We also found that inhibition of PKC-δ using Bisindolylmaleimide significantly increased glucose oxidation rates in hearts perfused in the absence of insulin (Fig. 3c, e). Interestingly, there was no further increase in glucose oxidation rates following insulin stimulation (Fig. 3c, e), suggesting that PKC-δ inhibition mimics the direct insulin stimulation of glucose oxidation. In support of these findings, inhibition of PKC-δ significantly limited fatty acid oxidation rates in the heart in the absence of insulin, with no further inhibitory effect in the presence of insulin (Fig. 3d, e). Inhibition of PKC-δ also caused a significant decrease in cardiac oxygen consumption by ~ 25% (Fig. 3f) and improved cardiac efficiency by ~ 25% (Fig. 3g).
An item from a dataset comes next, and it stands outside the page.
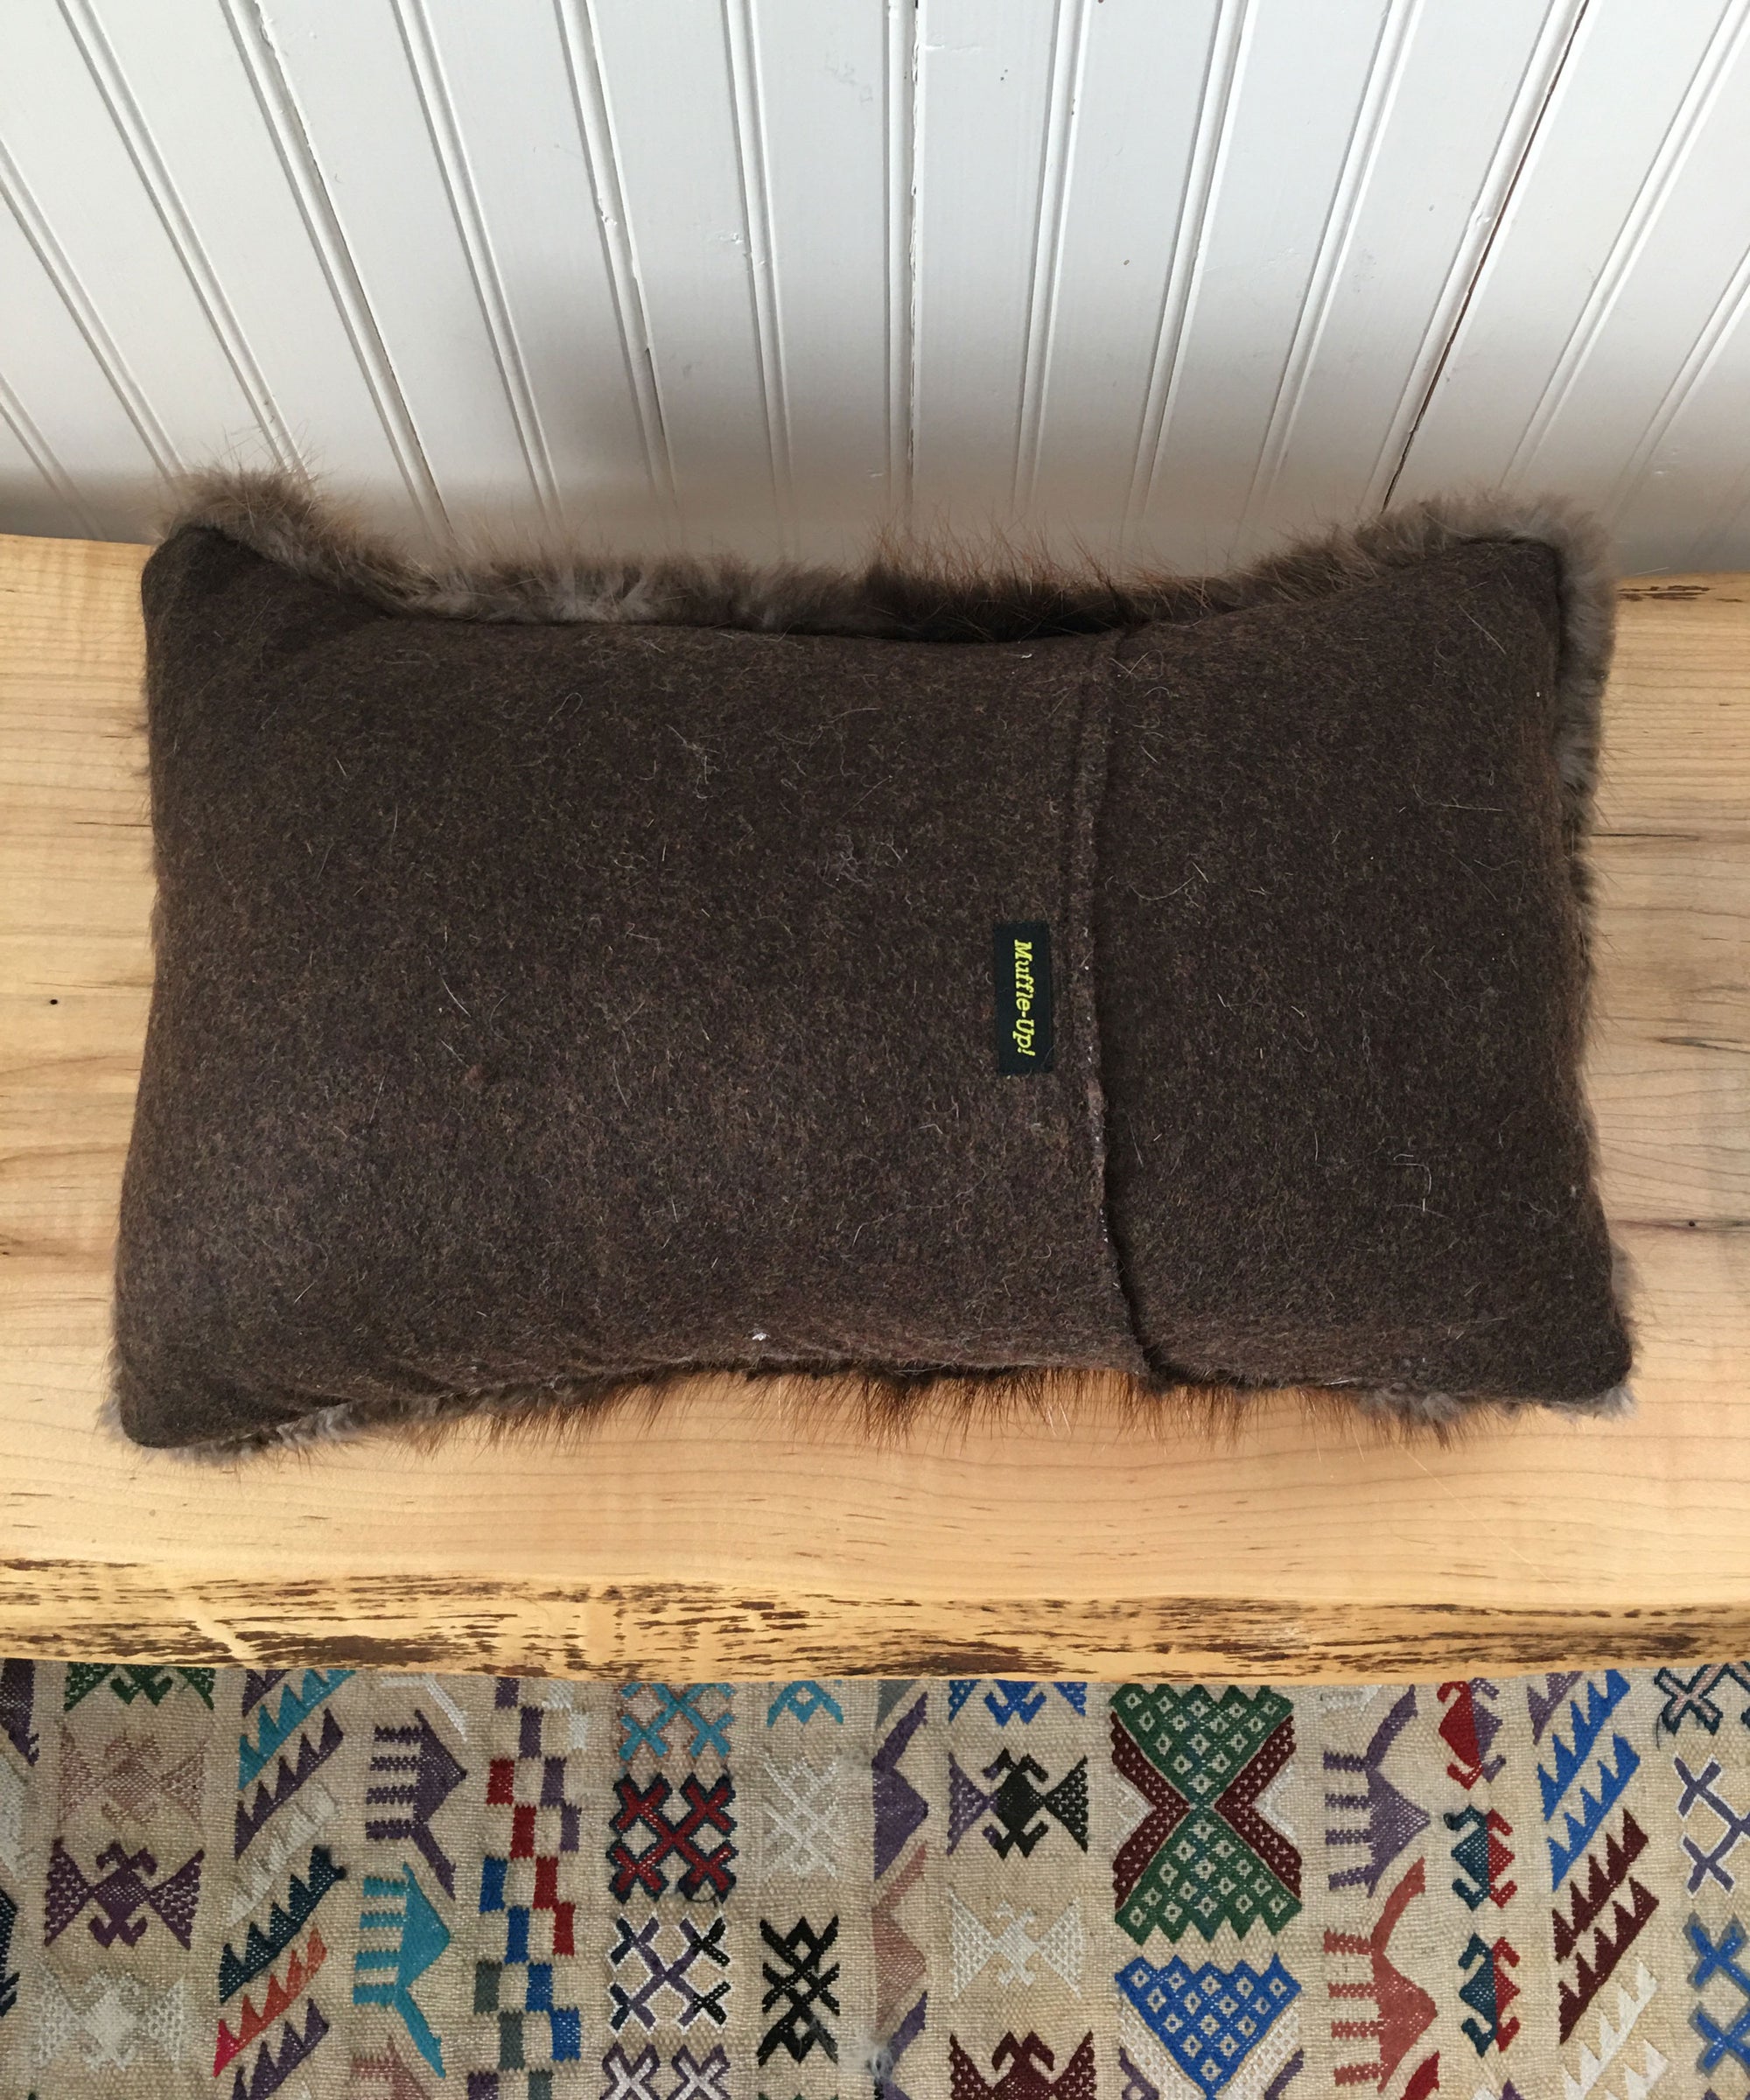 Beaver Fur Accent Pillows, 11" x 17"

We also found that inhibition of GSK-3β with 3F8 did not have a significant effect on either the basal or insulin-stimulated glucose oxidation rates (Fig. 3c, e). Furthermore, GSK-3β inhibition did not cause a significant change in cardiac fatty acid oxidation rates (Fig. 3d, e). Consistent with that, we also did not observe any significant effect of GSK-3β inhibition on either cardiac oxygen consumption rates or cardiac efficiency (Fig. 3f, g). Unlike Akt and PKC-δ, these findings suggest that mitochondrial translocation of GSK-3β following insulin stimulation does not play an important role in mediating the direct insulin stimulation of cardiac glucose oxidation.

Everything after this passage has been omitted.